Searching for specific patterns in protein and DNA sequences is a common analysis performed by molecular biologists. Detection of restriction enzyme cleavage sites in DNA sequences was an early use of this pattern matching process. Later, as the protein databases grew, the PROSITE motif database was developed [1]. These protein motifs are written as regular expressions that capture the variability within a consensus sequence from a short, highly conserved region in a multiple alignment. As the volume and diversity of genomic information grows, it is necessary to modify PROSITE patterns to allow them to match more diverse homologs. Searching through genomic sequences for conserved nucleotide patterns such as transcription factor binding sites is another use for this type of analysis. Large-scale sequencing has lead to some automated bioinformatics analyses, but pattern searching is such a common "hands on" interactive procedure that we have developed an easy-to-use tool, Sequence Searcher (SeqS), that supports searching for user-specified patterns in multiple protein and nucleotide sequences. SeqS has been integrated into several of the Viral Bioinformatics Resource Center tools and can therefore read sequences directly out of the VOCs database [2], but it also function as a stand-alone program with the ability to manage sequences much larger than viral genomes.

Algorithms

We implemented a brute-force fuzzy search algorithm and made use of the Jakarta ORO libraries [3] for Perl-like regular expressions. To speed up the searches and reduce memory requirements, an algorithm to reverse both fuzzy patterns and regular expressions was developed. In a search on DNA, SeqS first searches the top strand (the sequence itself), and then the bottom strand. However, rather than creating a duplicate (the bottom strand) of the nucleotide sequence, which is expensive in terms of memory, SeqS reverses and complements the query and searches the top strand again.

Implementation

In the development of SeqS, our goal was to produce an intuitive interface with easily understood output. The stand-alone interface of SeqS is simple and consists of two panels, accessed by the input and results tabs (Figure 1). In the input panel, users can import sequences to the workspace, set the search parameters and initiate the search. SeqS accepts one or many sequences (FASTA format) as input, either imported from a text file or directly pasted into a text box (add manually). Sequence names are shown in the List of target sequences box and the program uses selected sequences, or all sequences if none are selected. Sequence Searcher recognises ambiguity codes for amino acids and nucleotides as described by IUPAC [4], and tries to determine if a sequence contains nucleic acid or amino acids. SeqS supports two search types: regular expression and fuzzy. Although a regular expression may describe variation (AAA [CG], AAA followed by C or G), these searches are always exact and in this example only match patterns specified by the user (AAAC or AAAG). Supported regular expression patterns are characters (such as A and C), character sets (such as [AG]), quantifiers (such as +, ?, *, {n, m}) and back references (such as (NNNN)\1). The pattern AAA [^C] [GT].{1,10}(AT)\1 translates to AAA, anything but C, then G or T, anything 1–10 times, AT repeated twice. A useful feature of regular expressions is the ability to allow variable space between 2 patterns. In contrast, a fuzzy search allows a specified number of mismatches within the pattern; e.g. ATGATAGT with 3 mismatches. However, the fuzzy search also supports a basic syntax similar to regular expressions to allow even more flexible pattern recognition; it is possible to match one of some characters by listing them within square brackets ([AG] matches either A or G) and it is also possible to exclude characters by placing them within braces ({AG} matches neither A nor G). SeqS allows the number of mismatches to be 0–40% of the pattern length; this prevents the search from taking too long and returning too many imprecise matches.

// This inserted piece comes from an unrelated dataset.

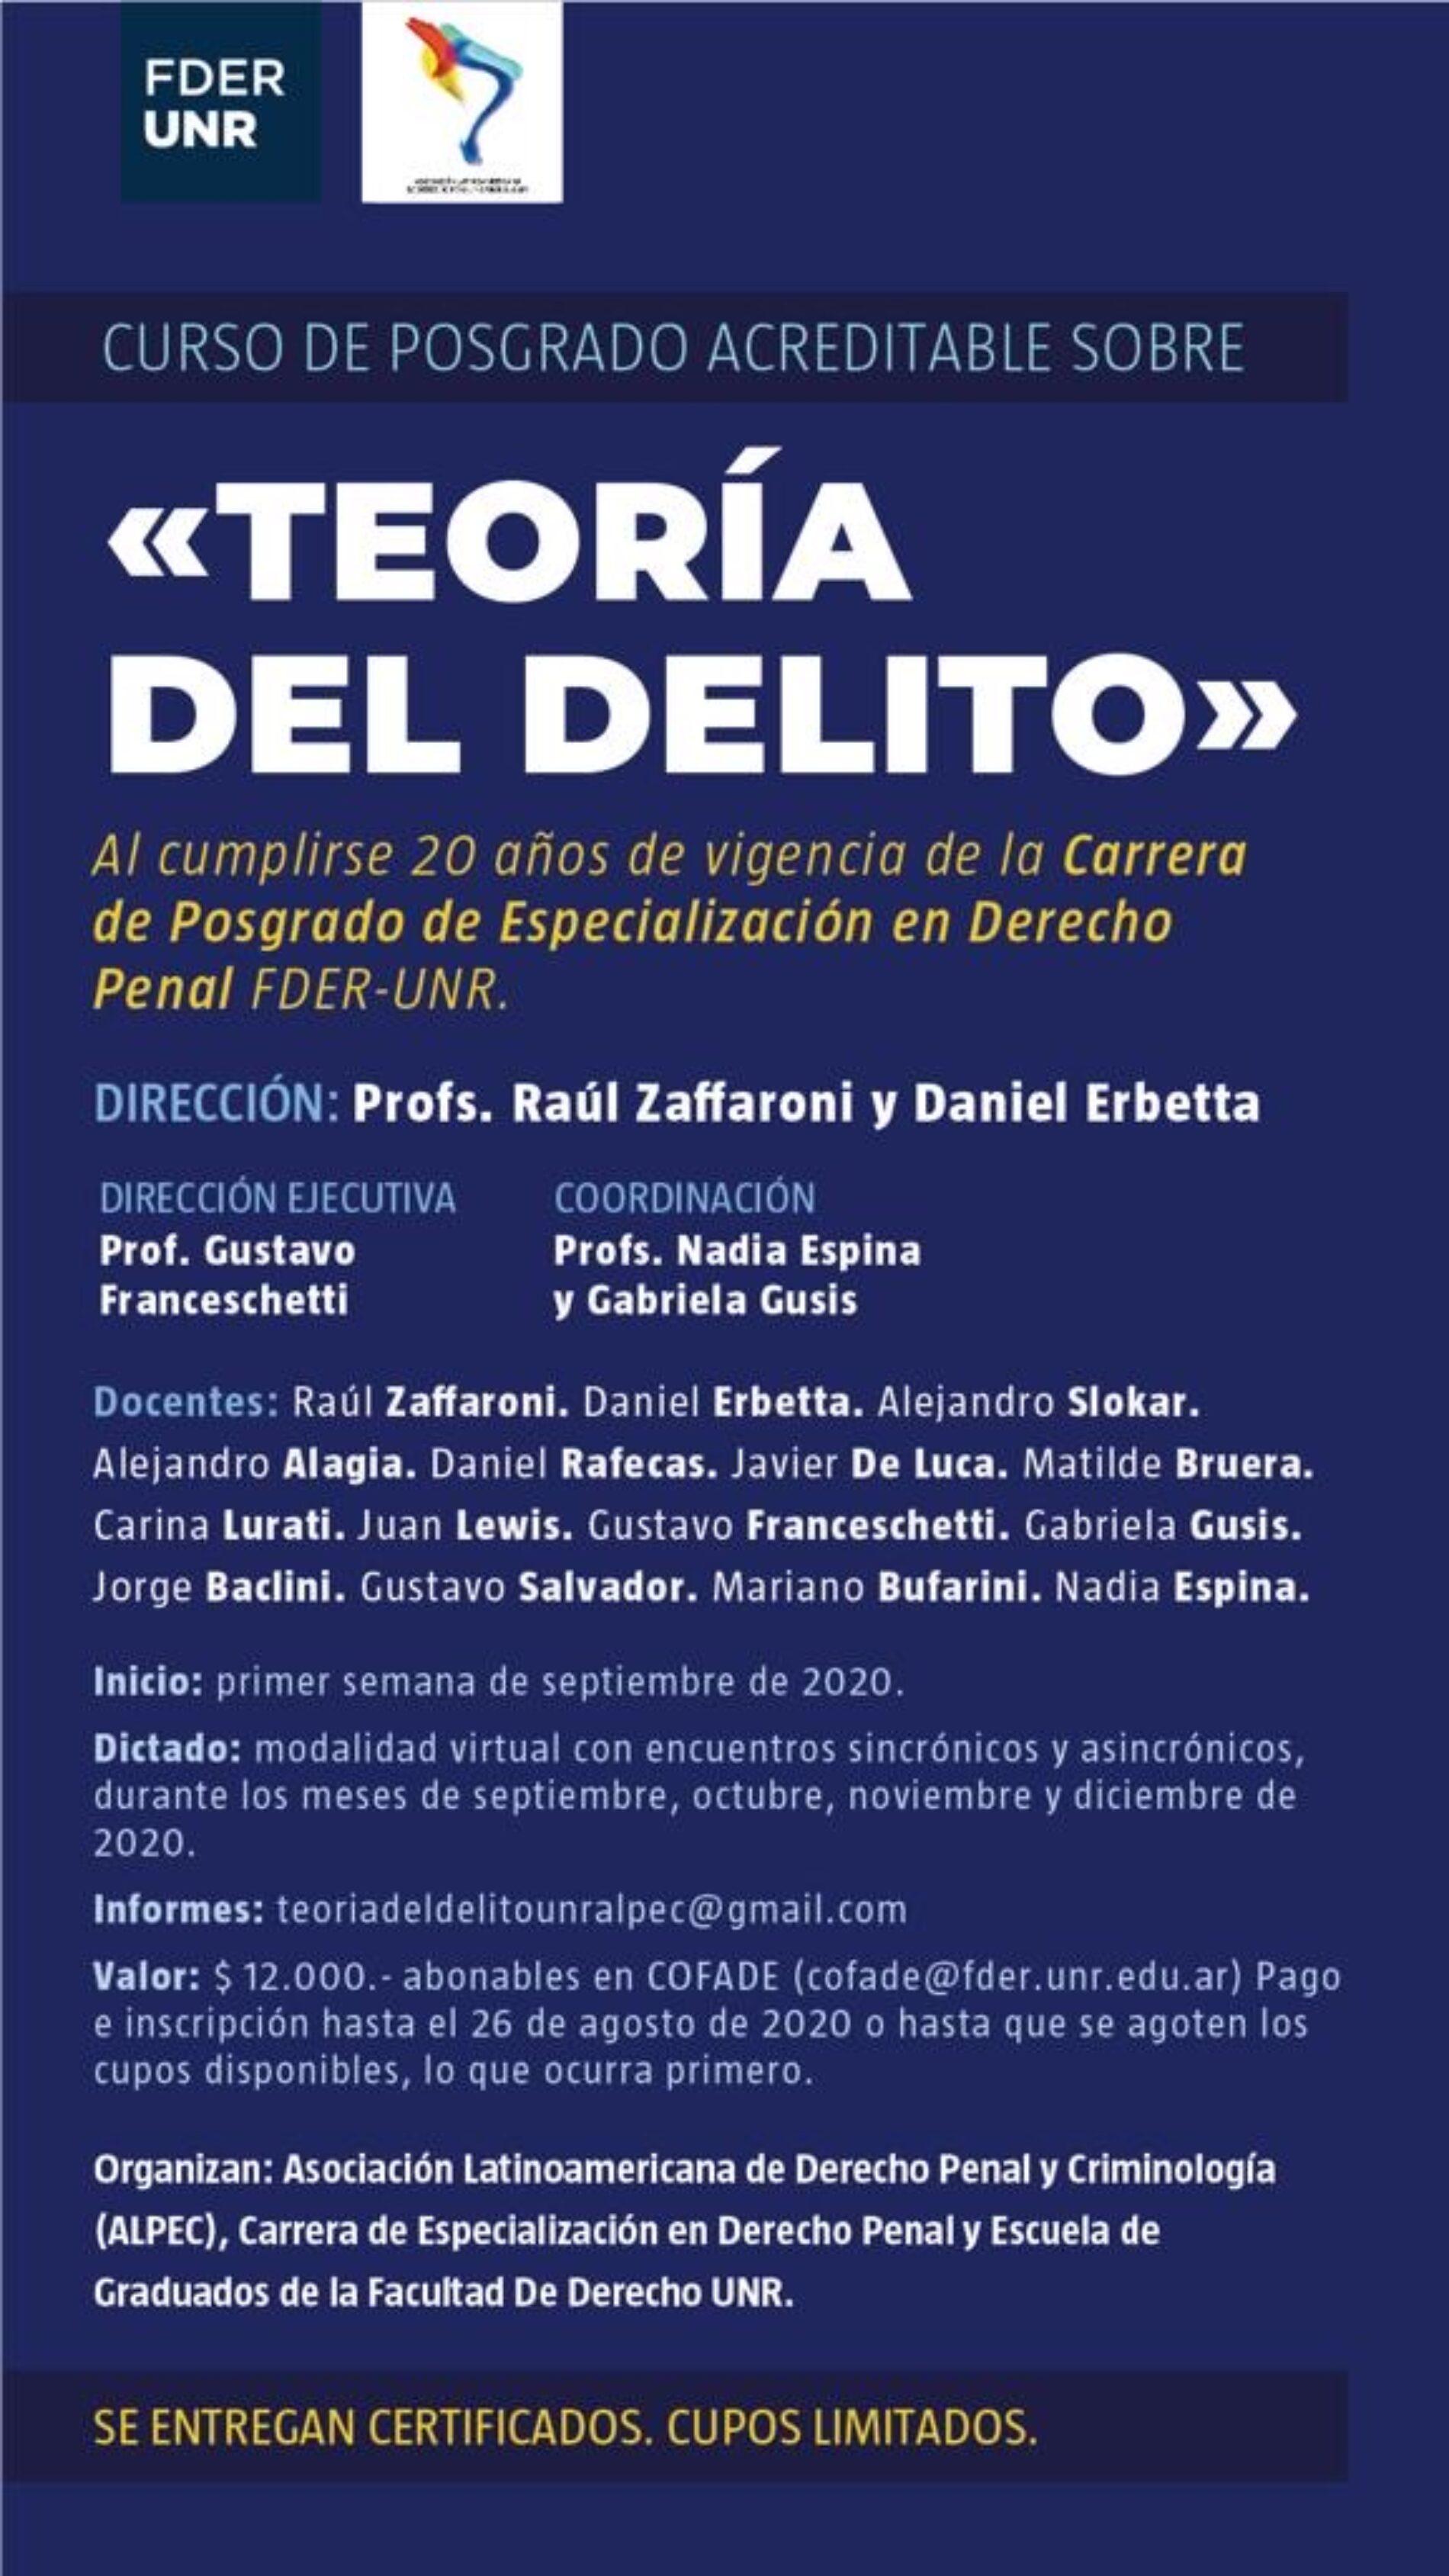 """Curso de posgrado sobre """"Teoría del delito"""". Carrera Especialización en Derecho Penal UNR y ALPEC."""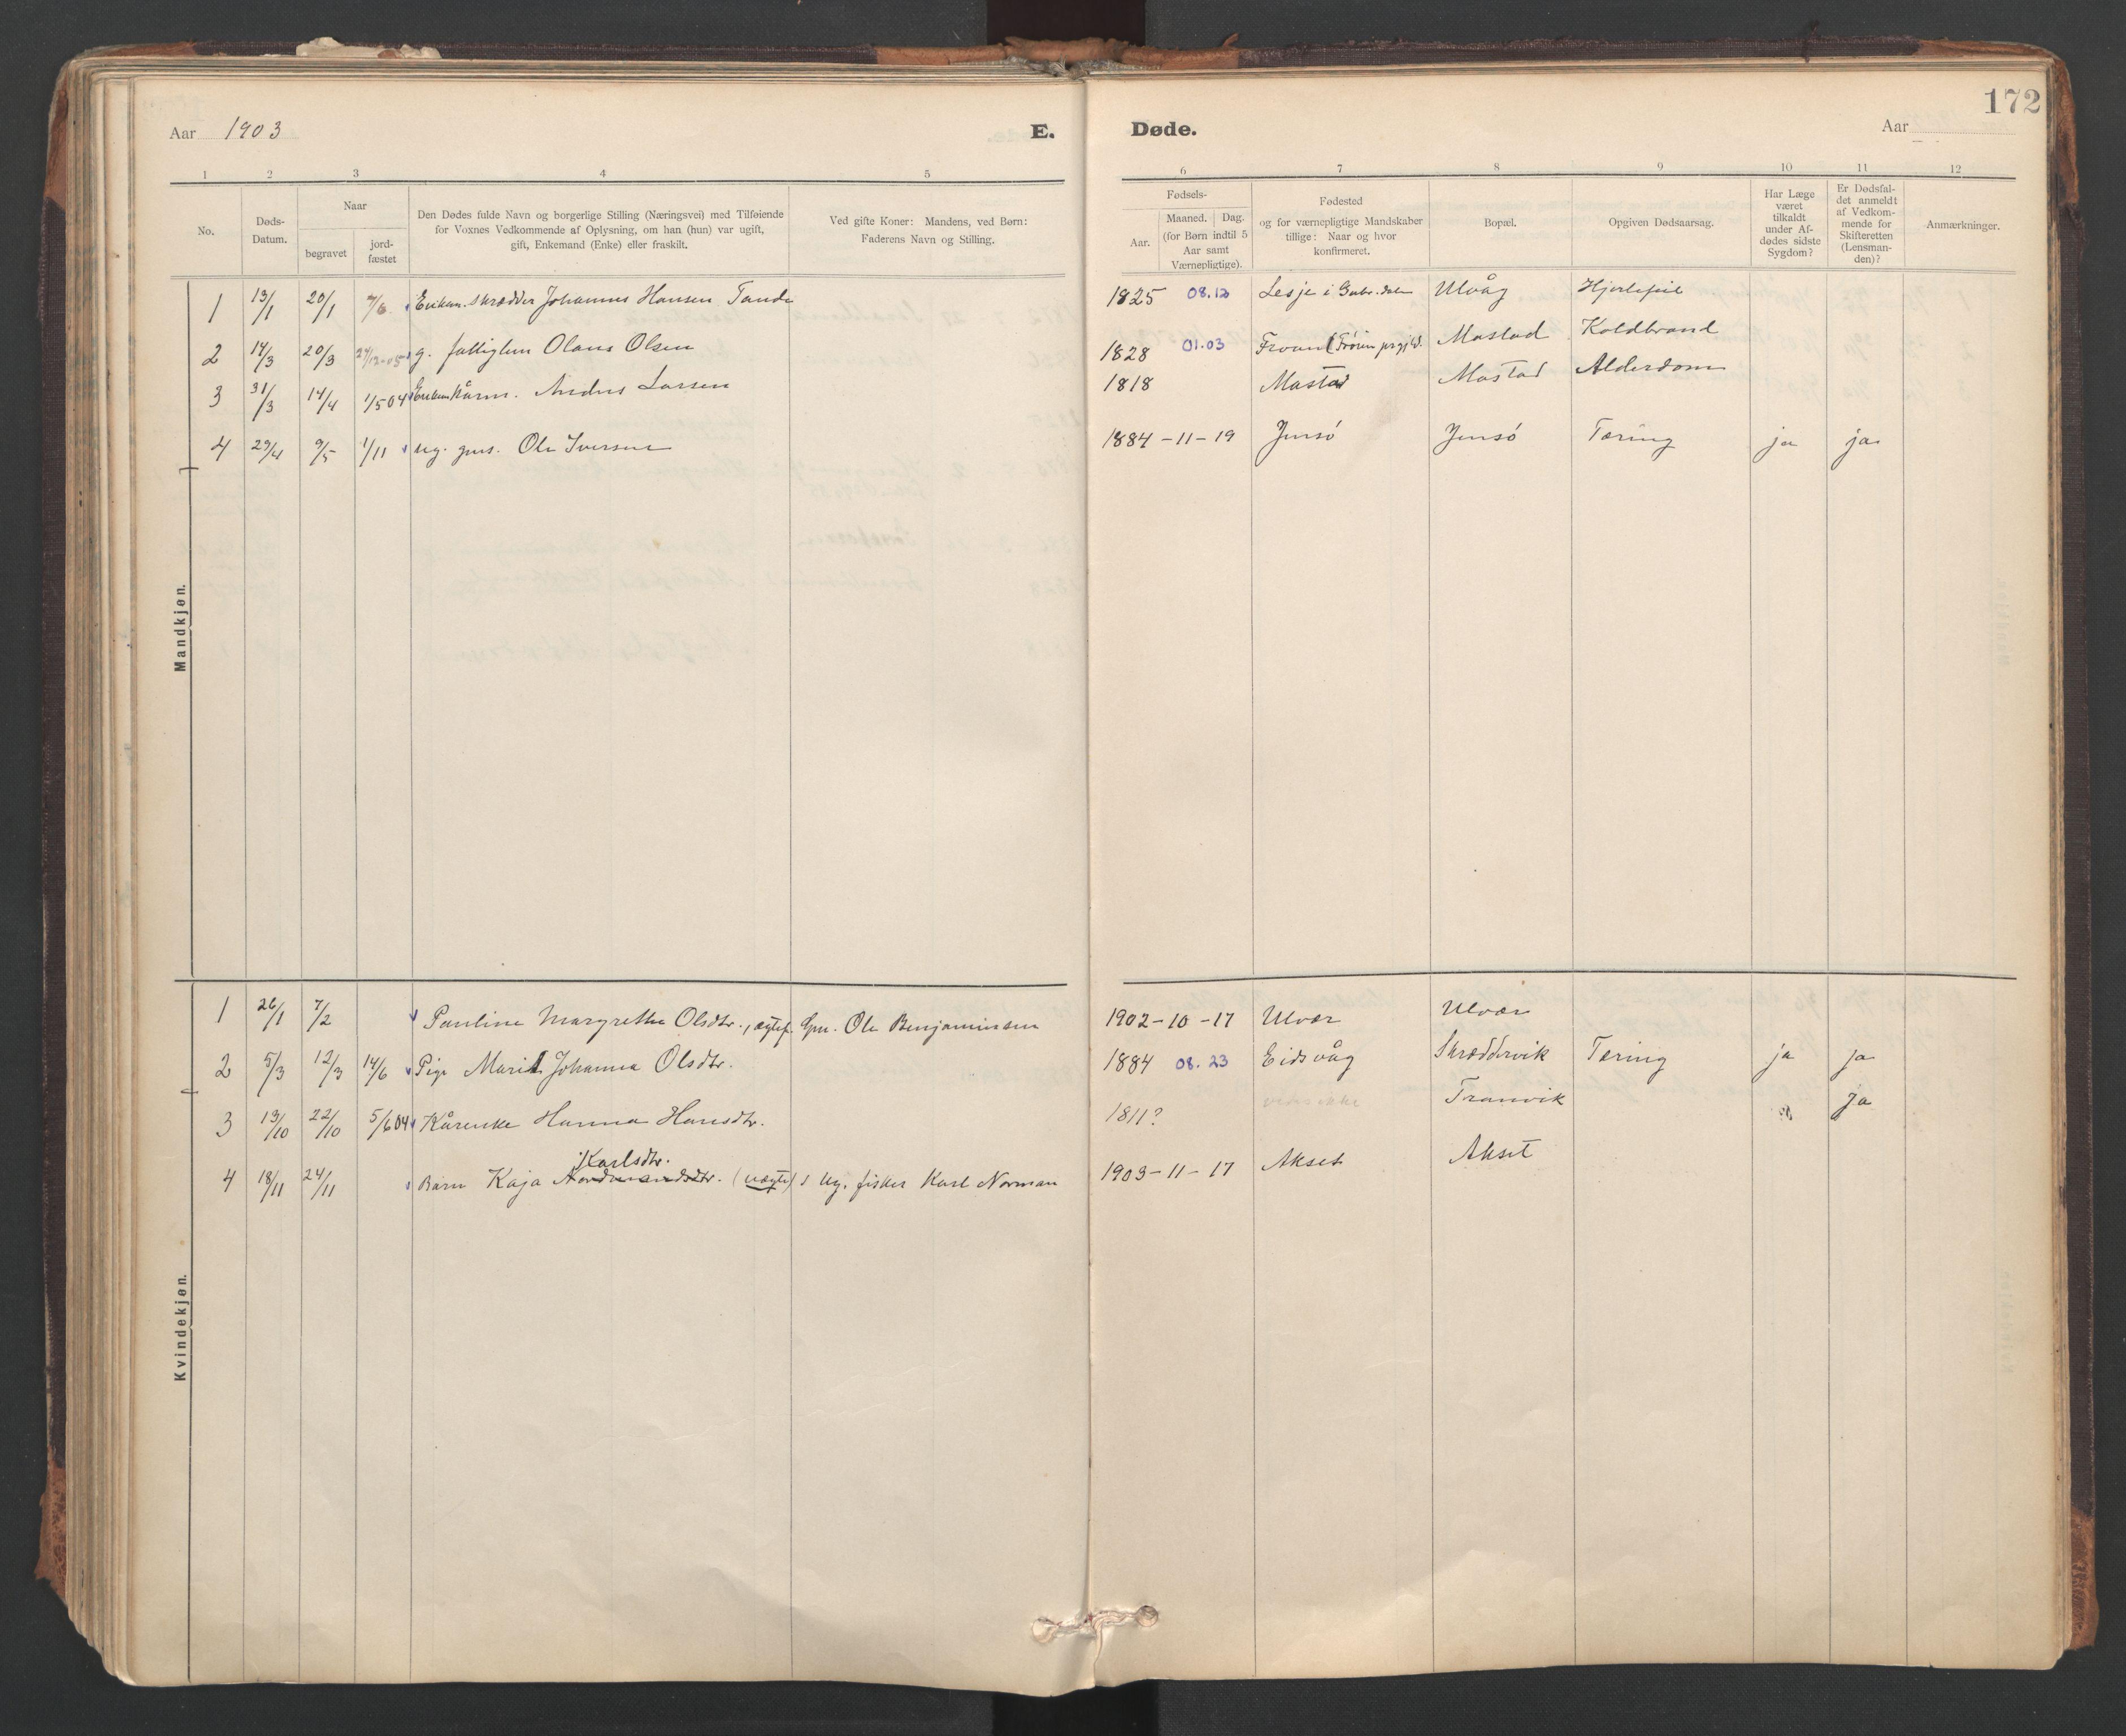 SAT, Ministerialprotokoller, klokkerbøker og fødselsregistre - Sør-Trøndelag, 637/L0559: Ministerialbok nr. 637A02, 1899-1923, s. 172

thumbnailFigure 1. SeqS user interface. Left side: Input panel, 10 poxvirus genomes searched with a fuzzy pattern; right side: Results panel, showing positions of mismatches within matched pattern.

Upon completion of a search, the results panel is presented, showing the data in tabular format (Figure 1). It is possible to sort the table by any data column using the column header (sequence, match, match start, match stop, confidence, strand) as well as filter the results set by sequence and by strand using drop-down menus. The search parameters are also reported. To facilitate interpretation of fuzzy search results, an additional graphical representation of the match is included in the form of a multi-coloured line that is divided into a series of segments numbering equal to the length of the pattern match. A segment is coloured green if a character match is exact, orange if it matches an ambiguity character and red in the case of a mismatch. The user can choose to save the results (all or selected rows) to a tab-delimited text file that is easily imported into a spreadsheet for further analysis.

SeqS is limited by the amount of memory dedicated to the Java Virtual Machine and may run out of memory during import of sequences or performing a search. However, for most practical work with viral and bacterial genomes, these limits are of no consequence. For example, Table 1 shows a series of searches performed with a set of sequences totalling 170 Mb that each took 4 s or less (iMac with 2.4 GHz Core 2 Duo and 4 GB RAM). SeqS imports the test sequences at approximately 1 Mb/s.

Table 1. Examples of SeqS searches on DNA sequences totalling 170 MB. All searches took less than 4 seconds

Conclusion

SeqS is a versatile tool that can be used as a stand-alone program or easily incorporated into more complex bioinformatics workbenches. It provides the ability to search multiple sequences in a single run with regular expressions or fuzzy patterns. Results are displayed in sortable tables and graphics are used to show fuzzy matches. To enable viewing of results with genome annotations, the core of SeqS has been incorporated in to the Viral Genome Organizer [5] and Base-By-Base [6] tools that can read GenBank files.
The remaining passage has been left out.